When it is ripe, or fully mature, compost is the perfect organic amendment for planters and flowerbeds, the vegetable garden, lawn, and generally all plants. It improves soil structure. Prepare the earth by mixing compost into the soil to ensure healthy plant growth.

Where should compost be applied?

Fruit trees, trees, shrubs, and rose bushes

  • Annual maintenance - spread a layer approximately 3-5 cm deep at the base of trees and plants.
  • Planting - mix compost into the soil, maintaining a 20% ratio.

Vegetable garden

  • Throughout the season - spread a 1 to 3 cm layer around the base of plants according to the plants' needs:

Demanding plants (2-3 cm)

Moderately demanding plants (1 to 2 cm)

Less demanding plants (less than 1 cm)

Celery, cucumbers, squash, eggplants, potatoes, tomatoes, cabbage, corn

Lettuce, spinach, carrots, asparagus, beats, green beans, parsley

Herbs, onions, shallots and garlic, radishes, turnips, beans, strawberry plants

  • In the spring - spread approximately 2 cm between rows.
  • Planting - mix compost into the soil, maintaining a 50% ratio.

Groupings, borders and flowerbeds

  • In the spring - incorporate a layer of approximately 2 cm into the soil
  • In the fall - spread a layer of approximately 2 cm over the surface
  • Planting - mix compost into the soil, maintaining a 25% ratio.
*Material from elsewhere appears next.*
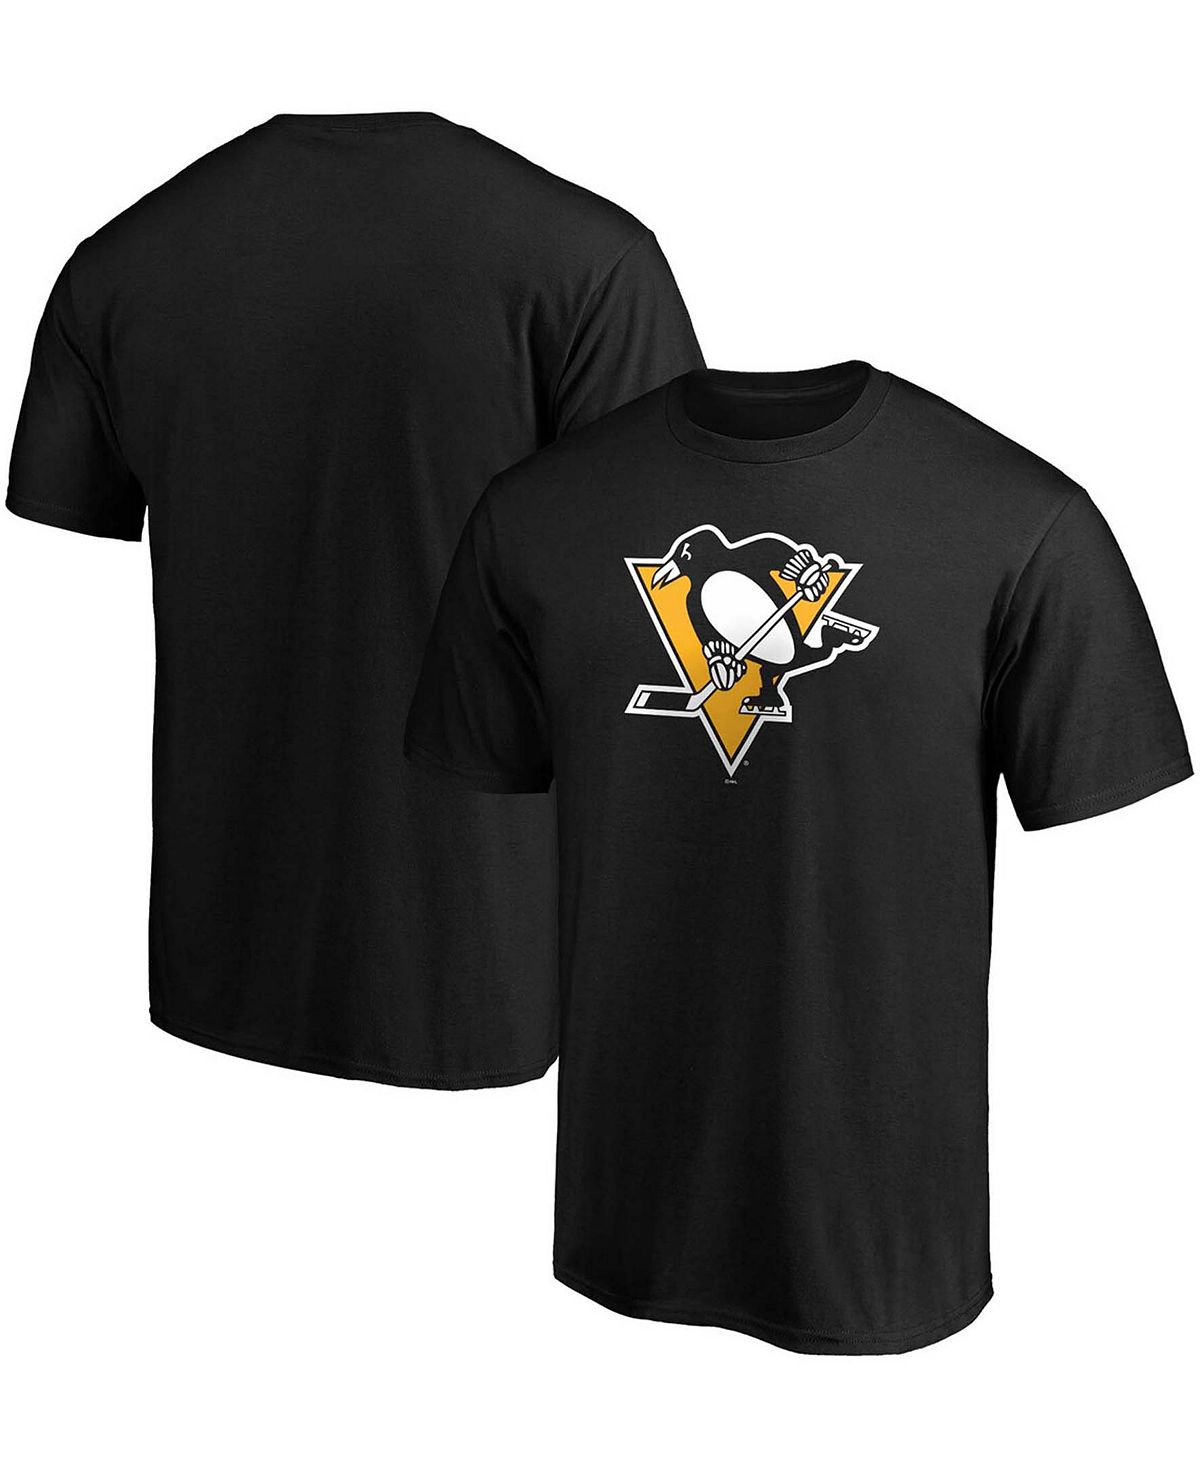 Мужская черная футболка с логотипом pittsburgh penguins team primary Fanatics, черный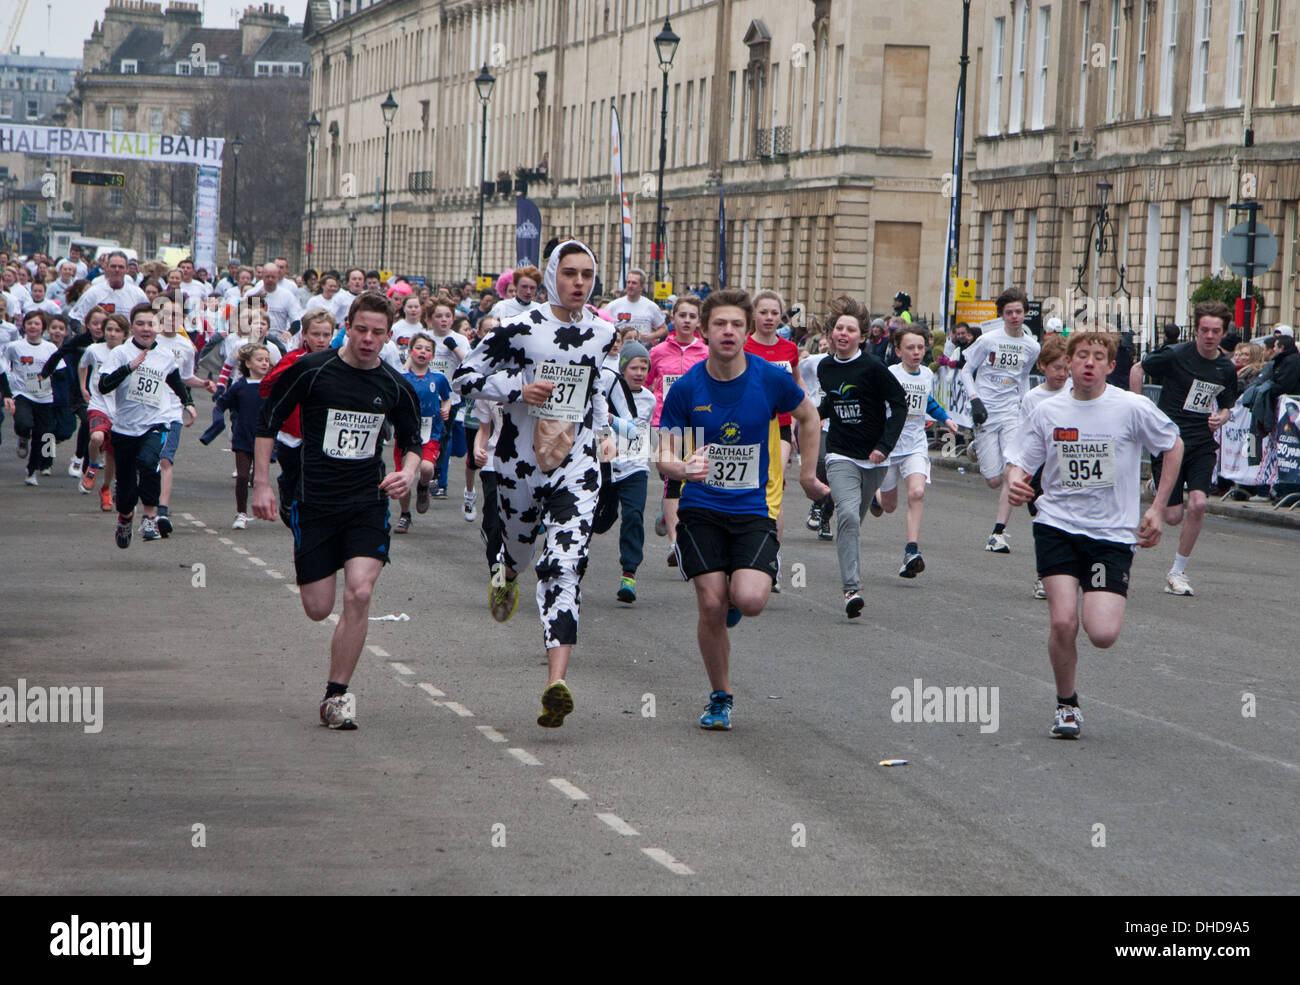 Competitors running in the annual Bath half marathon event family fun run: 3 March 2013 Stock Photo

Planters and potted plants

  • Old plants - replace 2 cm of the soil on the surface with new, mature compost.
  • New planting - mix approximately 30% of mature compost into the soil.

Lawn

  • Planting from seed - mix 8 to 10 kg/m2 of compost to a depth of 10 to 15 cm.
  • As topdressing in the spring - spread 1 to 2 kg/m2 of compost on the surface of the lawn (ideally after aerating the soil).